▶ Task instructions
Output the lines of the listing below exactly, starting at the line containing "Dieser Artikel wird auf Bestellung" and stopping after the last line, with any pictures dropped.

▶ Provided material
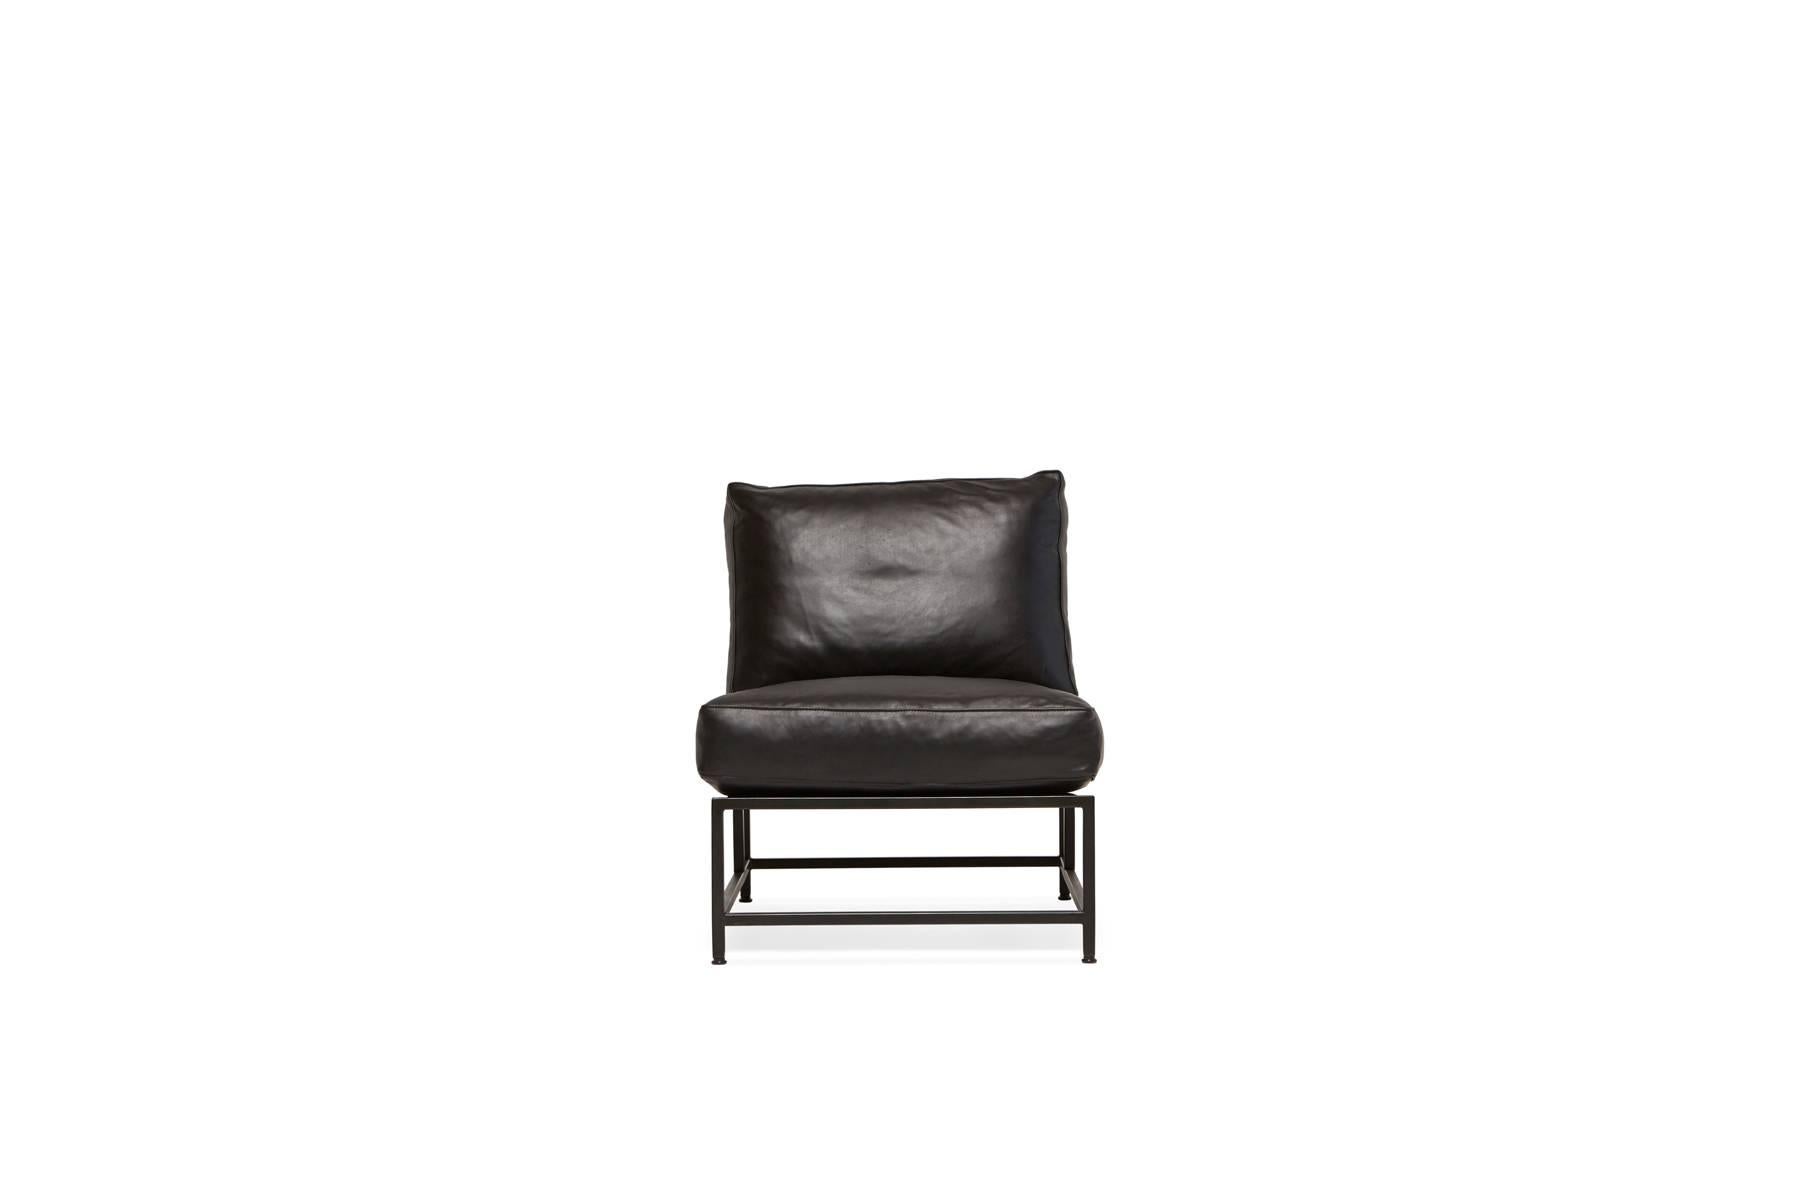 Dieser Stuhl aus unserer neuen Lederkollektion hat einen Rahmen aus geschwärztem Stahl, schwarze Gurtbänder und cognacfarbene Ledergurte sowie eine Polsterung aus weichem, schwarzem, pflanzlich gegerbtem Leder.

Dieser Artikel wird auf Bestellung
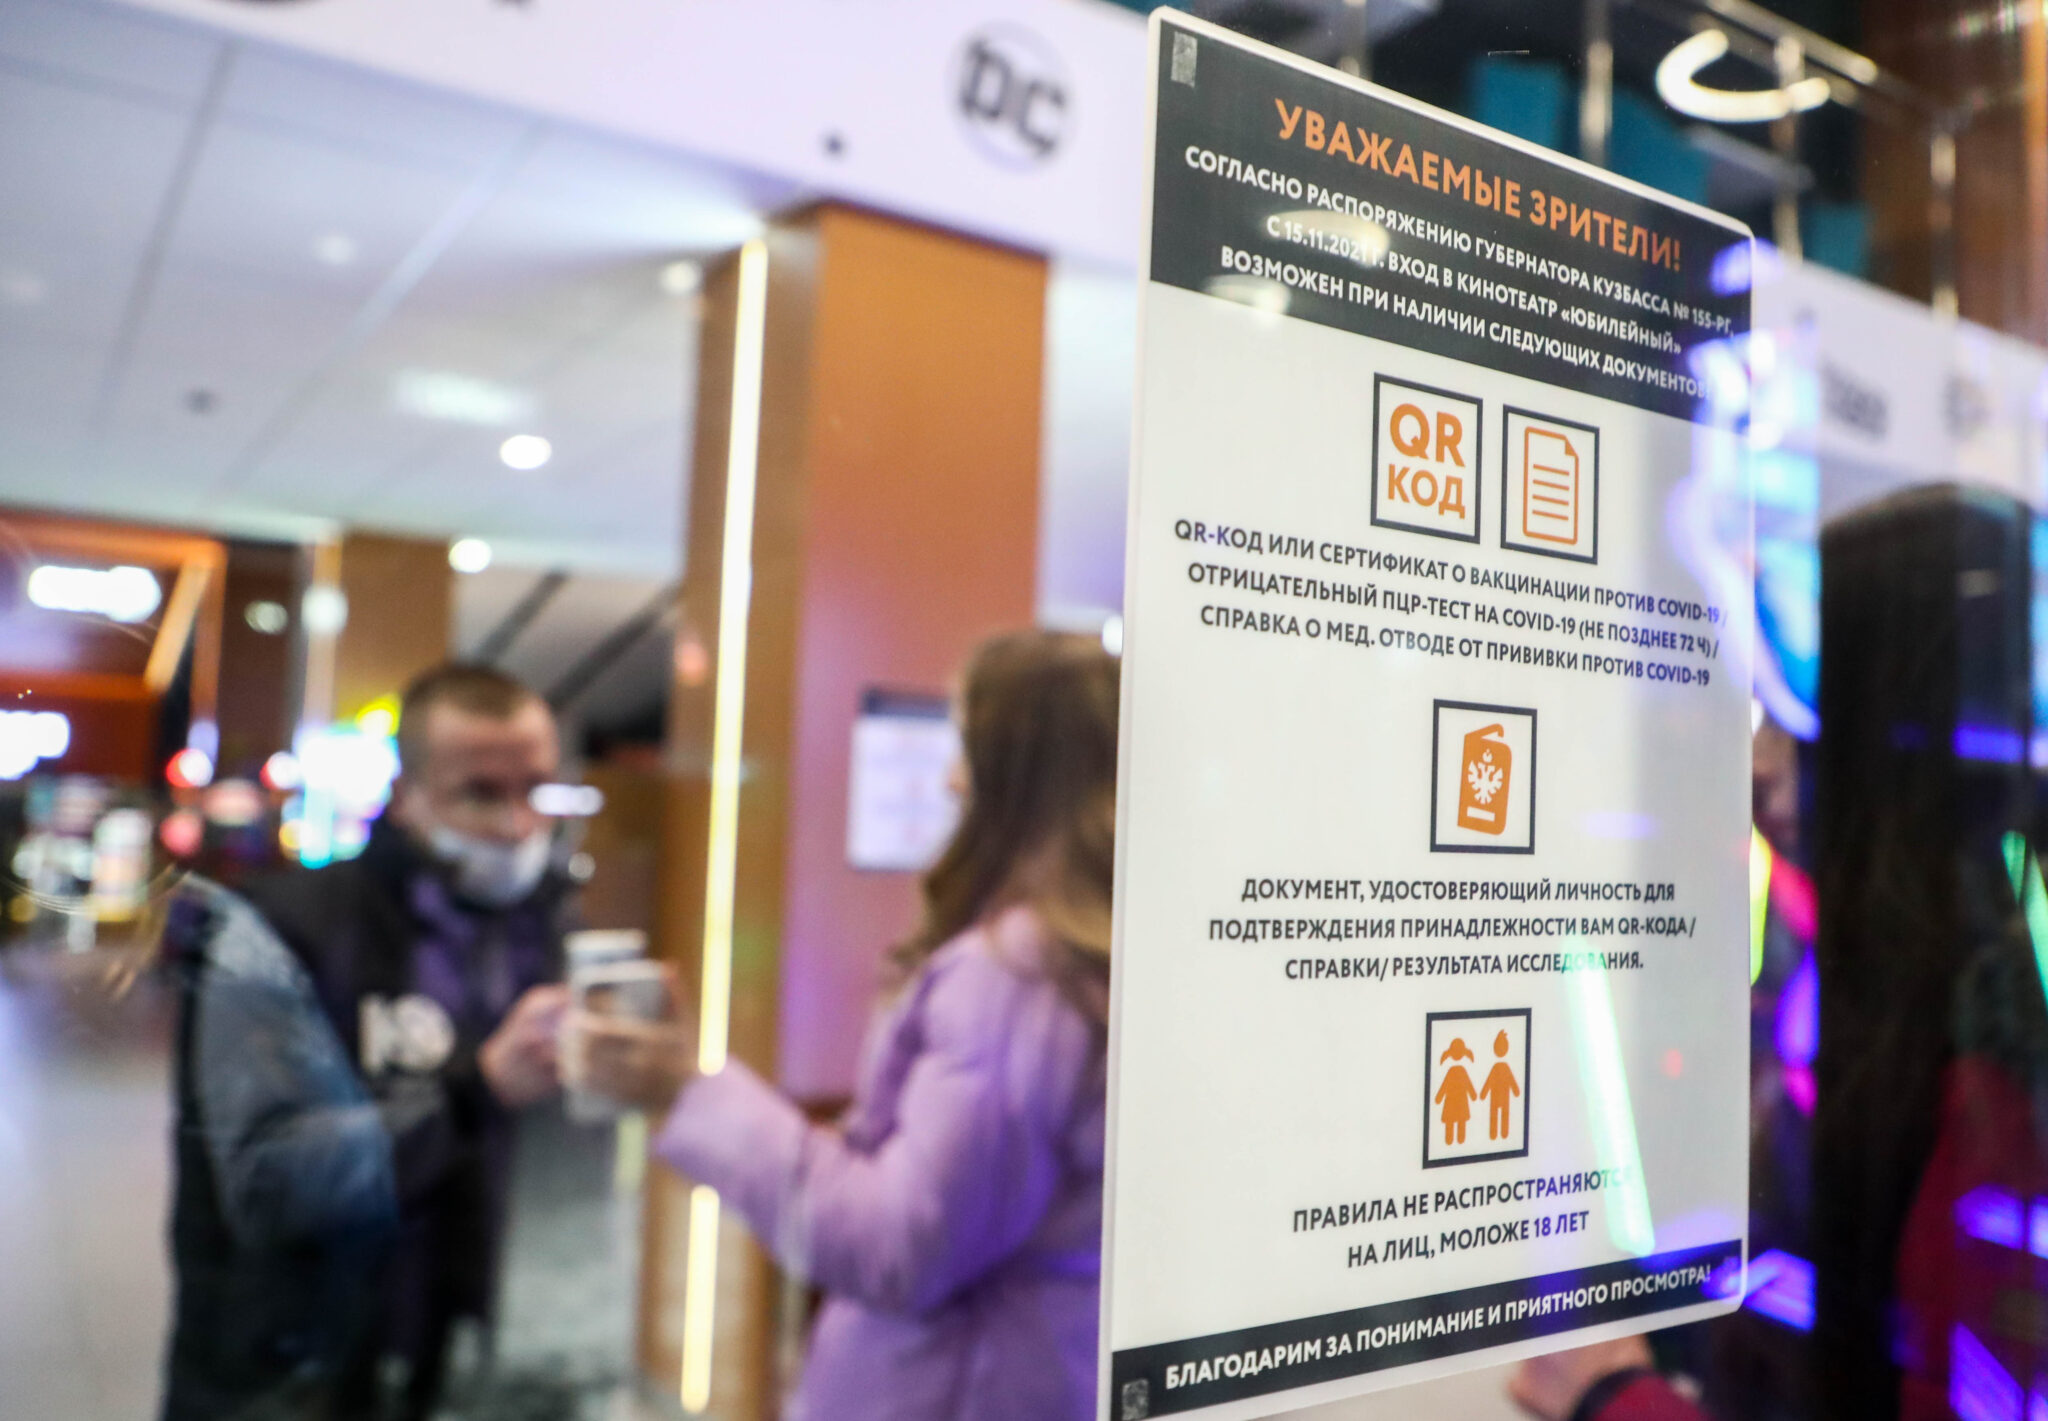 Посетитель кинотеатра демонстрирует QR-код. Фото Maxim Kiselev / TASS / Scanpix / Leta

▶ Response to the task
Dieser Artikel wird auf Bestellung
 Посетитель кинотеатра демонстрирует QR-код. Фото Maxim Kiselev / TASS / Scanpix / Leta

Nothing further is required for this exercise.